New life in an old advertising format

November 30th, 2007 by Hugh Kennedy

If any of you have saved an issue of say, Fast Company or Red Herring from late 1999 or early 2000 – my favorite issue contains an article on how Google is a completely silly name and that the company will go nowhere with it – you’ll notice how picking up the magazine may threaten to put your back out. (Best to leave it on the floor as a doorstop.) Today, only Vanity Fair, W, and Oprah seem to be infested with print ads in the way that tech publications used to be.
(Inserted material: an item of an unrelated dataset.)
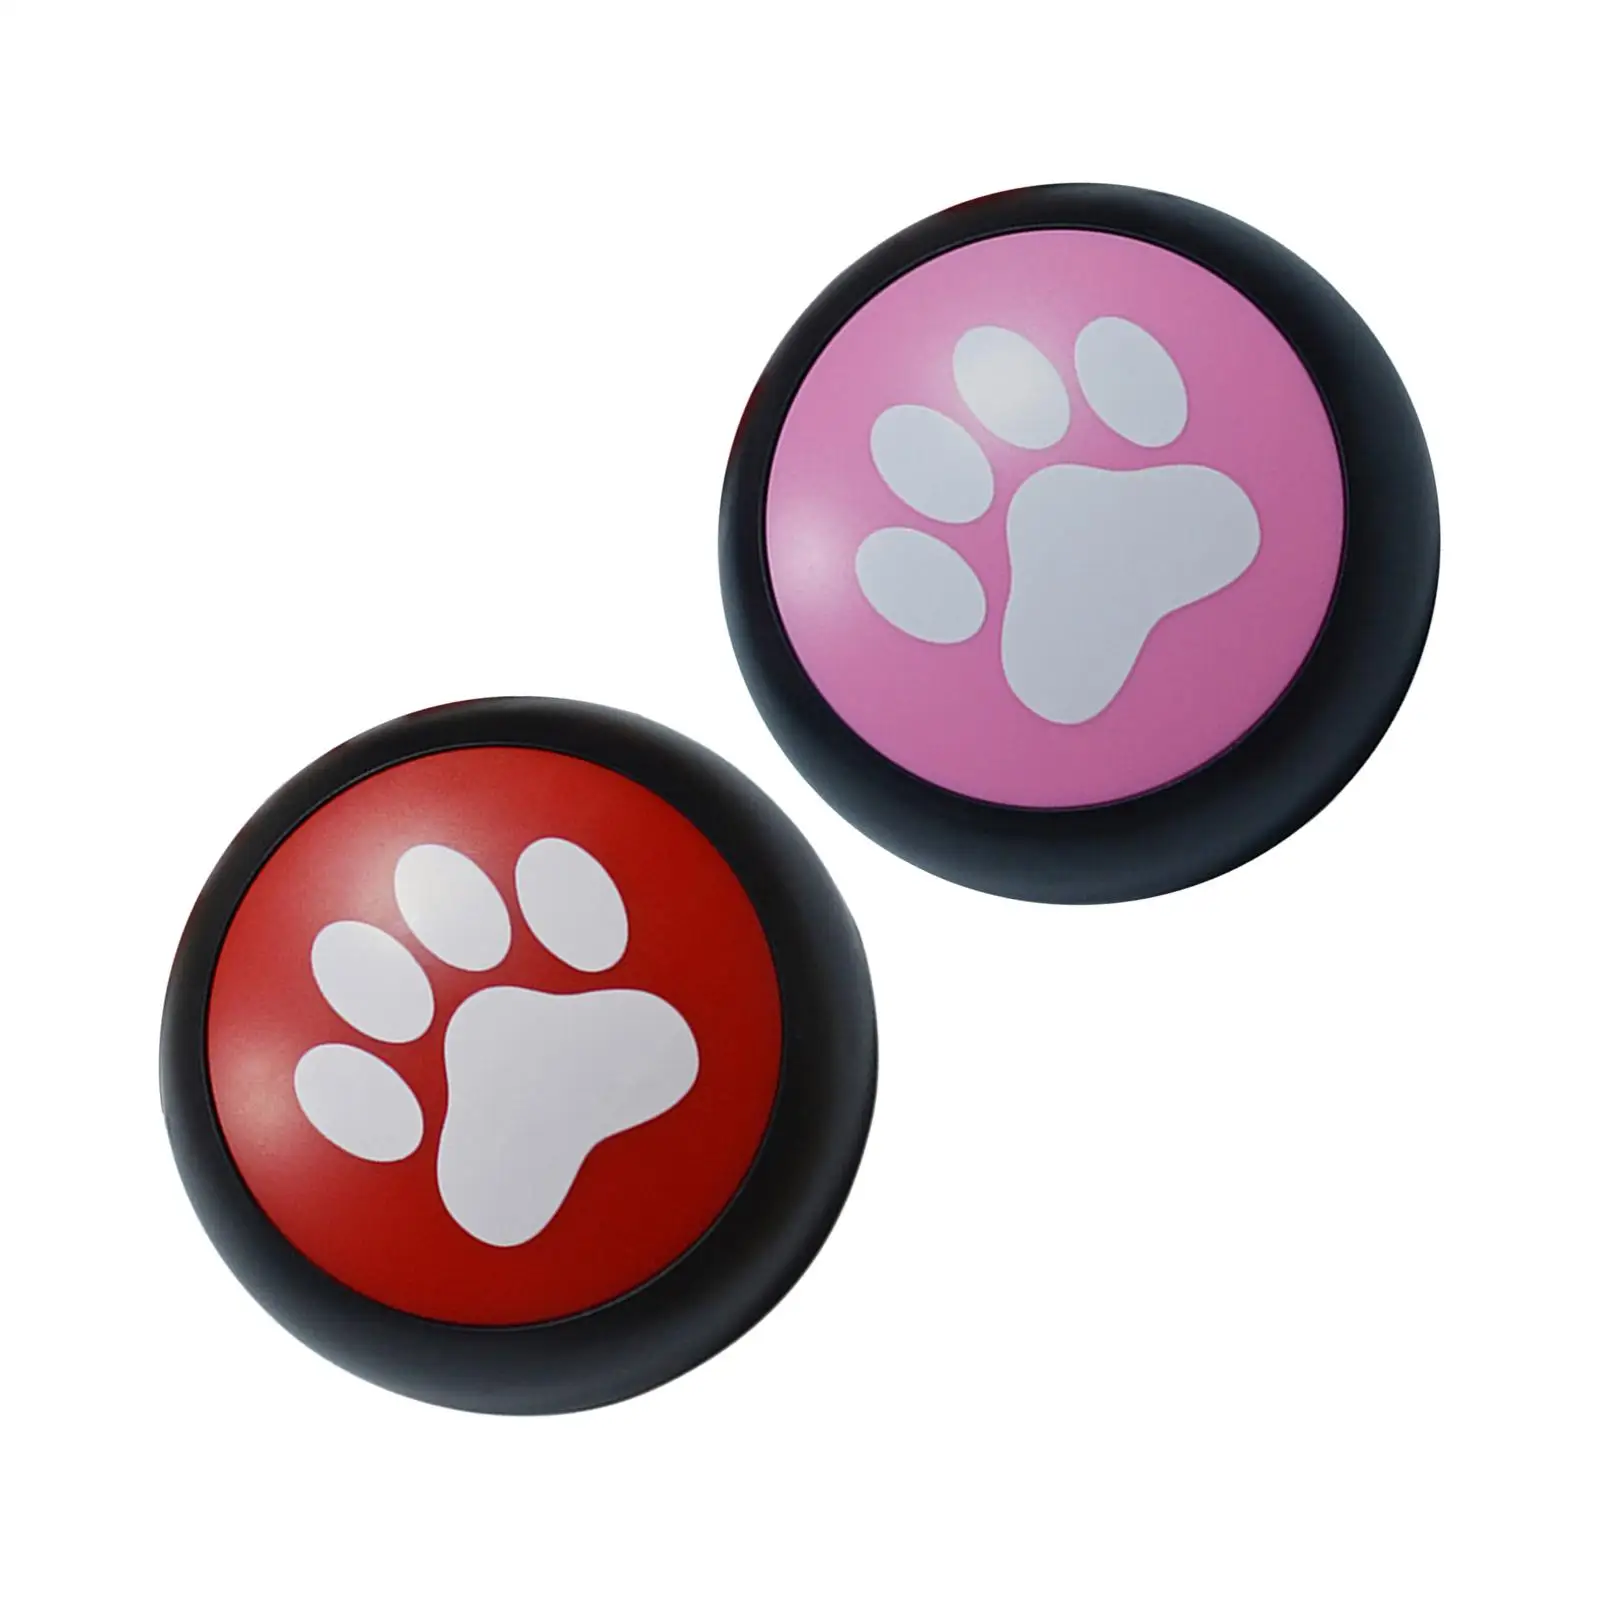 Recordable Sound Button Communication Talking Recorder Playback Recorder Voice Recording Button for Kids Learning Pet Training

Average issues of ComputerWorld or BIO-IT World seem as thin as the inserts that used to be tipped into the dotcom-era magazines of seven years ago.

Which is precisely why there may be more value than you think in print advertising right now. Prices, certainly, have never been more negotiable. As I mentioned in a previous post, one vendor offered to throw in the print program free if we bought the online program for a client. And though marketing may be a game of fishing where the fish are most of the time, success also is a function of standing out where your competitors aren’t. To quote my colleague Mike O’Toole, it’s all part of good marketing arbitrage.

No, print subscriptions aren’t what they used to be. Readership is down and advertising is down. But your target audience is still spending time with magazines and print publications. The eyeballs aren’t always online. And if you had the opportunity to be the only advertiser in a magazine along with Microsoft, IBM and SAP, wouldn’t you jump at the chance?

One Response to “New life in an old advertising format”

  1. DJHowatt Says:

    Hugh,
    Great point. Too often marketers get caught up in the hot media and forget that our job is to consider ALL available means to reach our audiences.